Question

Two weeks ago, Alice came home from vacation and noticed that a bean plant was growing in her garden. Today, the stalk is $452$ centimeters tall, and Alice observed that its height increases by $5\%$ every day. How tall was the plant $2$ weeks ago when she first noticed it growing? Express your answer as a decimal to the nearest tenth.

Answer 1

So, on day 1, the plant was say "P" cm tall.

then 2 weeks go by, or 14 days, and the plant grew to 452 cm.

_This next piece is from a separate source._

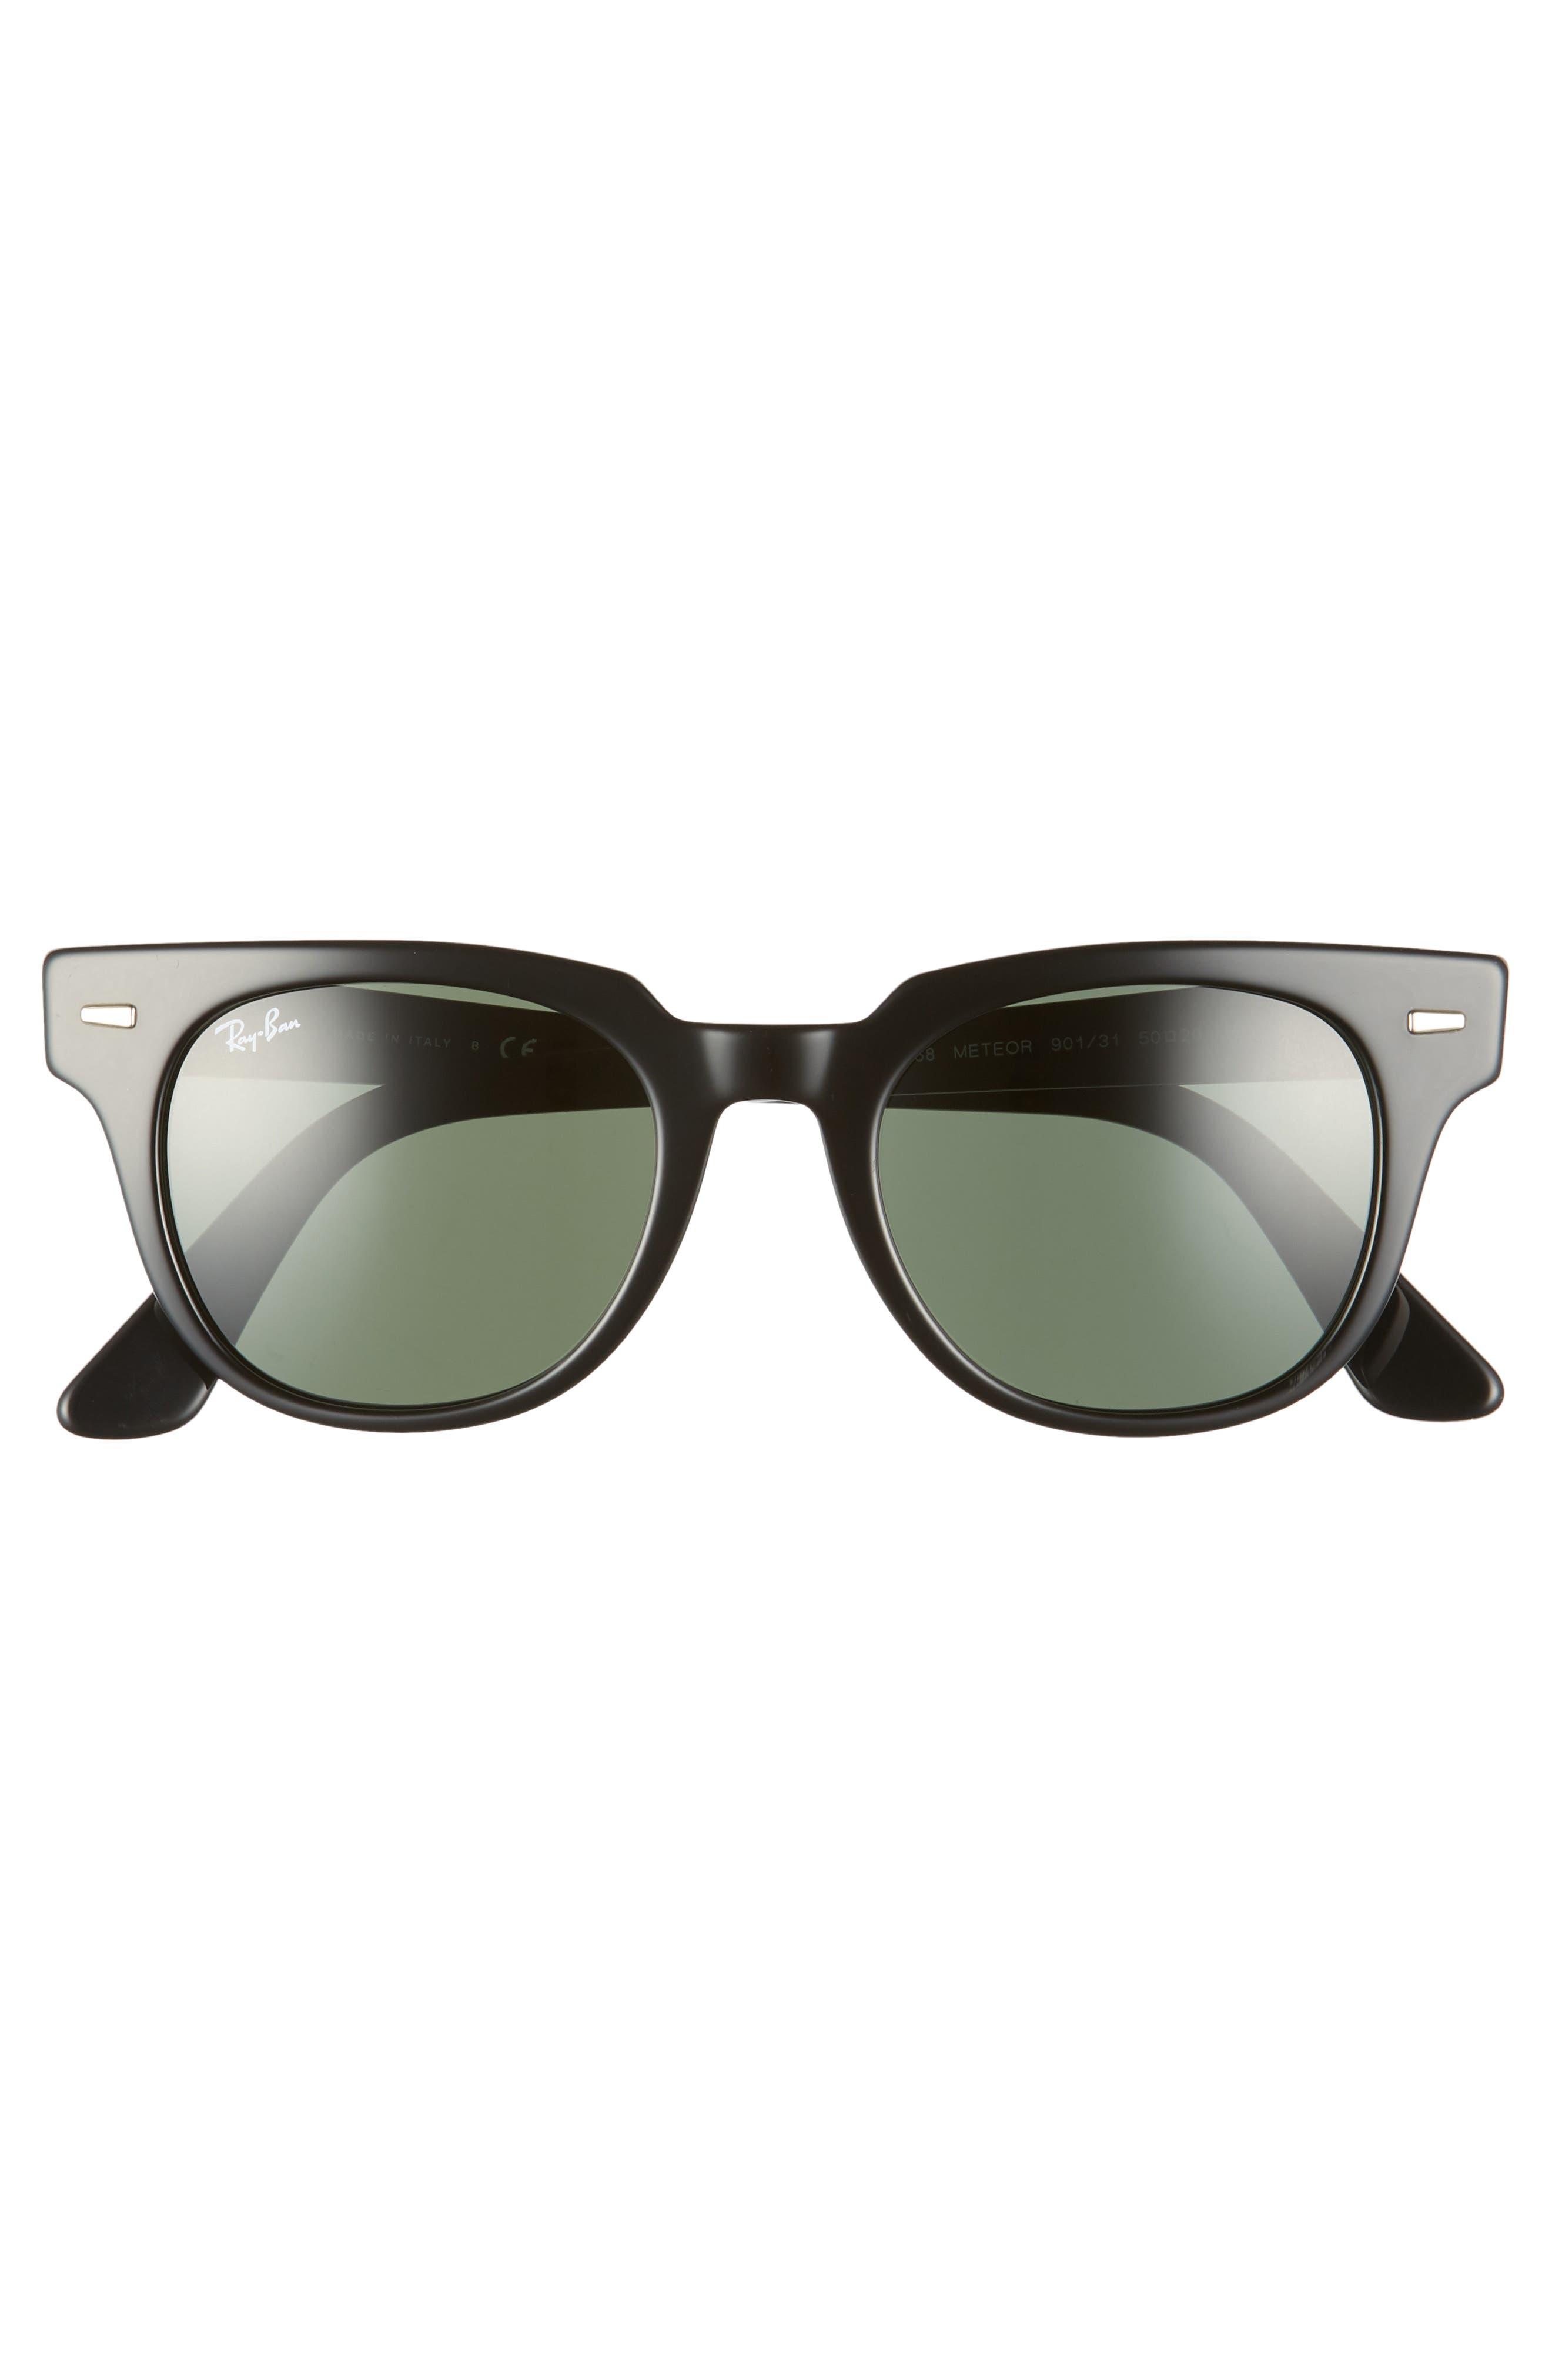 Meteor 50mm Wayfarer Sunglasses,                             Alternate thumbnail 3, color,                             BLACK SOLID

$\bf \qquad \textit{Amount for Exponential Growth}\\\\ A=P(1 + r)^t\qquad \begin{cases} A=\textit{accumulated amount}\to 452\\ P=\textit{initial amount}\\ r=rate\to 5\%\to \frac{5}{100}\to &0.05\\ t=\textit{elapsed time}\to &14\\ \end{cases} \\\\\\ 452=P(1+0.05)^{14}\implies \cfrac{452}{1.05^{14}}=P$

Answer 2

Answer:

Te plant was 228.29 centimeters tall.

Step-by-step explanation:

To find the size of the plant 14 days (2 weeks ago), we will use a formula called "exponential growth."

$A=P(1+r)^{t}$

where

A=accumulated amount.

P=initial ammount

r=rate

t=elapsed time.

replacing the values ​​we have

A=452 centimeters

P=variable to find

r=5% = 0.05

t=2 weeks= 14 days

So, we substitute the values ​​in the equation

$452=P(1+0.05)^{14}$

Then, we clear the variable P

$P=\frac{452}{1.05^{14} }$

and perform the operations

$P=\frac{452}{1.979931} =228.29centimeters$